愛嬌良い娘になって心許せる友人を作りたい。
カールトンへ笑顔を向けることができたら、もっと警戒心を解いてもらえたに違いない。
読み書きだって出来ていただろう。
そうしたらもっと勉強をして本もたくさん読んで、賢い人間になれていた。
きっとロイターに脅されなくても資料や記録を読めていた。
身体に醜い傷もなかったし、卑屈っぽい性格も無かっただろう。
そうしたらもっと…自信を持っていられたかもしれない。
……他人からの好意も、素直に受け入れられたかもしれない。
「?」
目の前の彼を見て、また視線が落ちた。
ありえない「もしも」を想定して何かを望むだなんて愚かなことだ。
「私の…望み……」
「うん?結婚して家族が欲しいんじゃなかったの?」
「まだ先で良いです。今は考えていませんし、そこは相手との縁もありますし、『普通の私』だけではどうしようもない無いと思いますし……」
ふかふかな布団の感触が頬に心地よい。覚えのある彼の匂いが眠りの縁へとゆっくり誘う。
空気に耳を傾けるように息をし、まぶたを閉じた。
二人で歩いたレンガの道。見上げた空。風が舞い上げた木の葉、流れる髪。重なる影。視線は時にぶつかり、離れ、そして同じ風景を見た。

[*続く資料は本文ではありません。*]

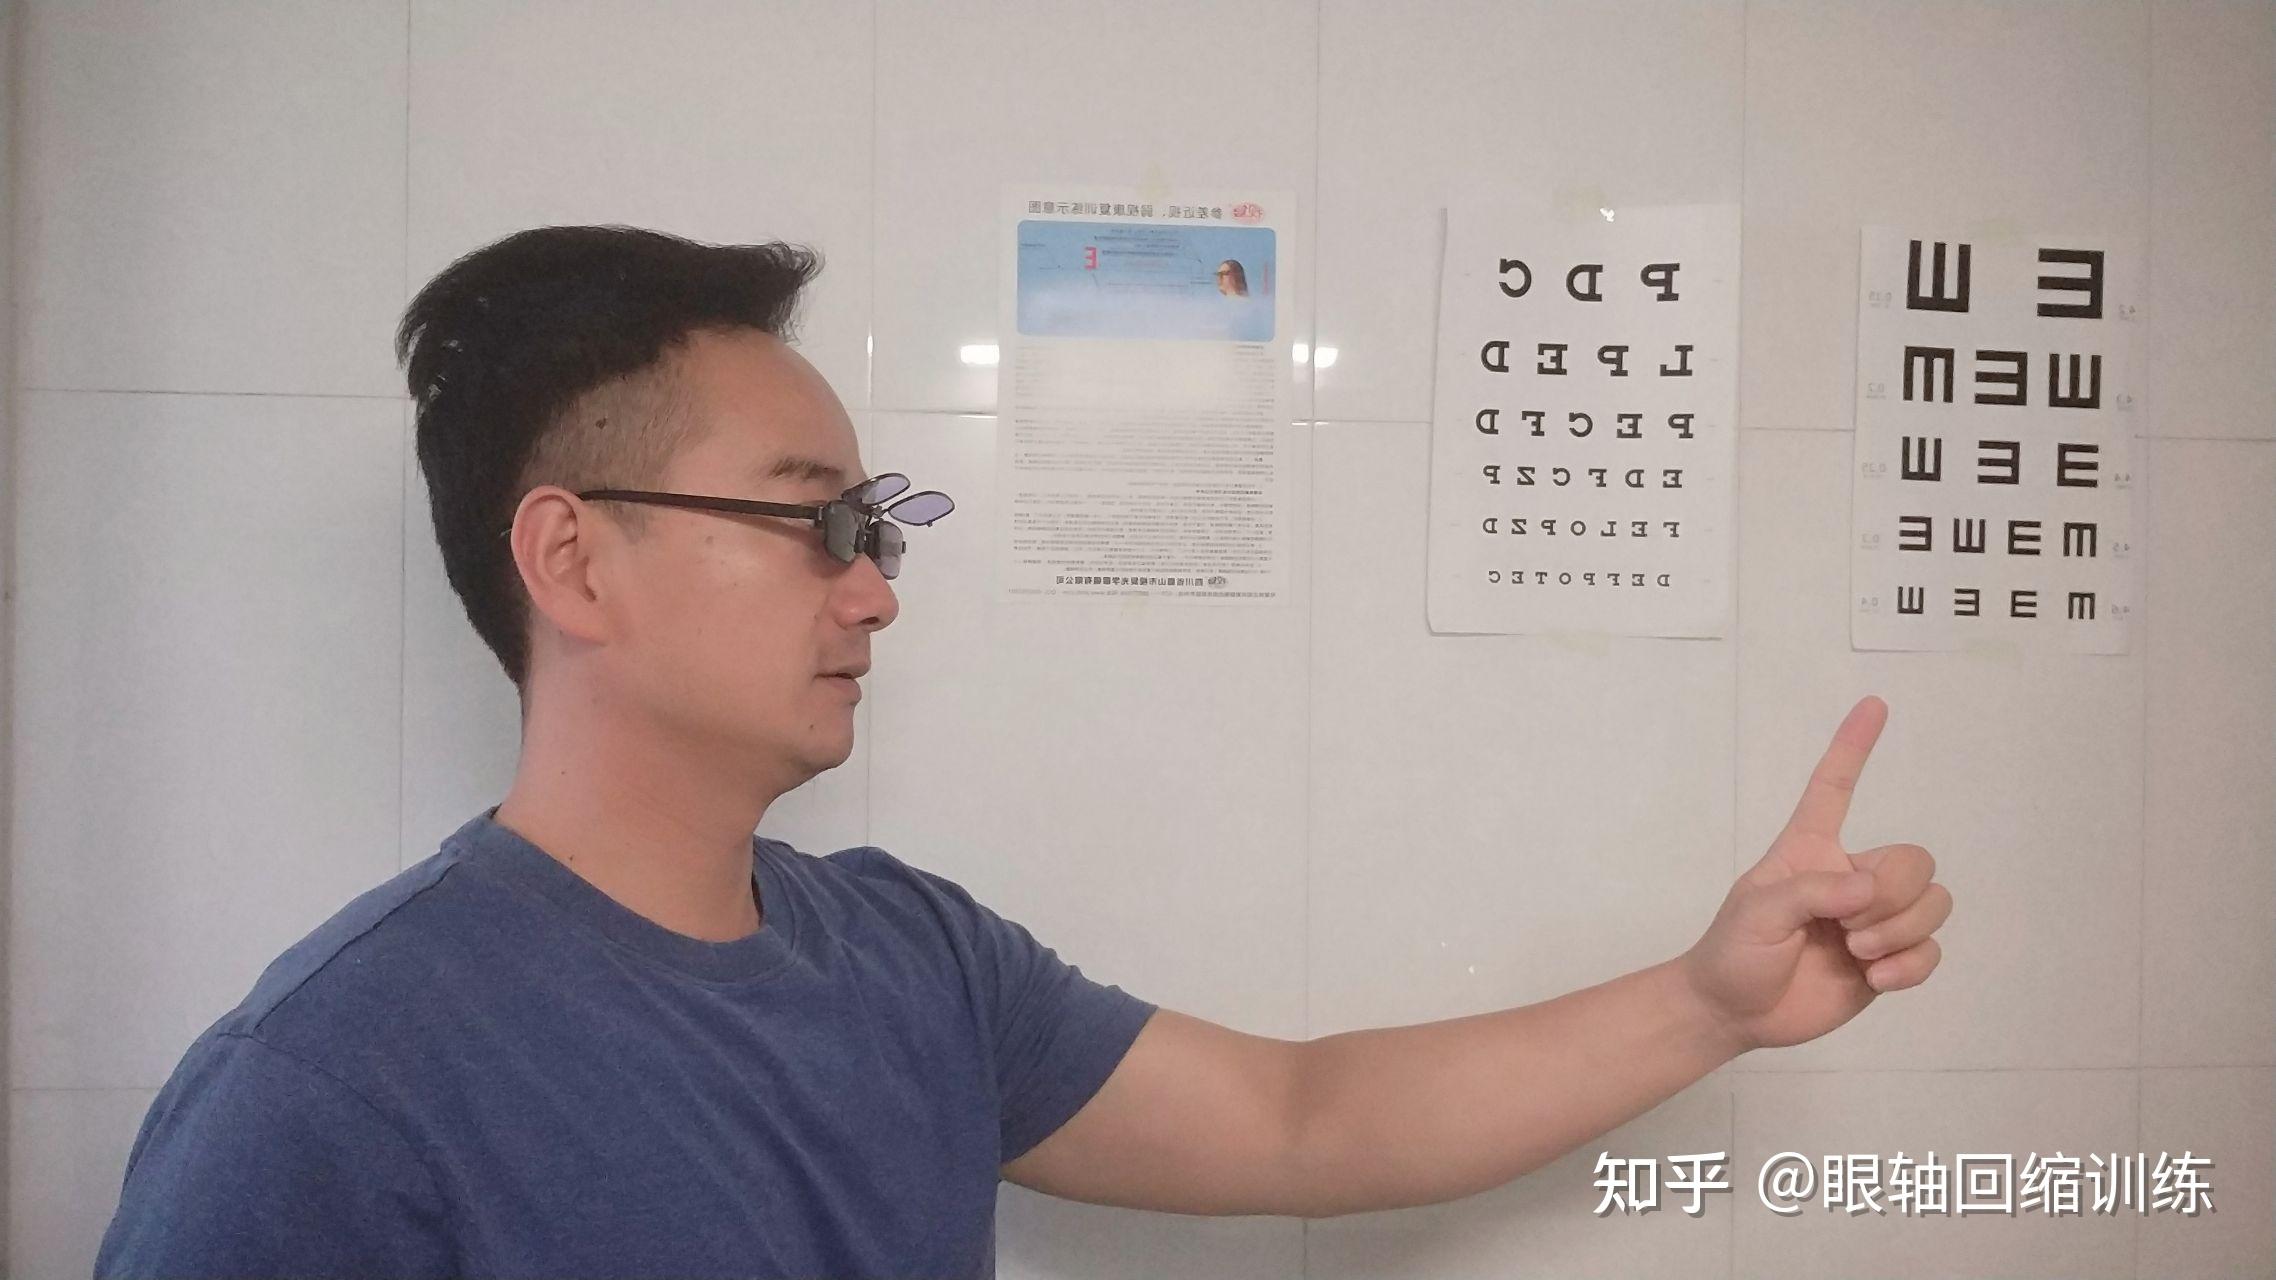 新版眼保健操挂图眼保健操图解挂图新版学生视力表操作示意图3米-阿里巴巴

色づいた記憶、その中にある煌めきの欠片を拾い集めるように思い返す。
「……名前……」
「名前?」
見たもの、感じたこと、全部全部ひっくるめて考えた。
今の自分…ありのままの自分が願う夢を。
「今…こうして何もしていない時間も結構好きだったりするので……。普通でも普通じゃなくても……その…これからも『ポチ』って呼んで貰えたらいいなって。そんなことを思いました」
最初はふざけた名前だと思っていた。でもこの名が聞こえている場所は安心出来る…唯一無二のかけがえのない場所なのだ。彼にはきっとわかってもらえないかもしれないが……。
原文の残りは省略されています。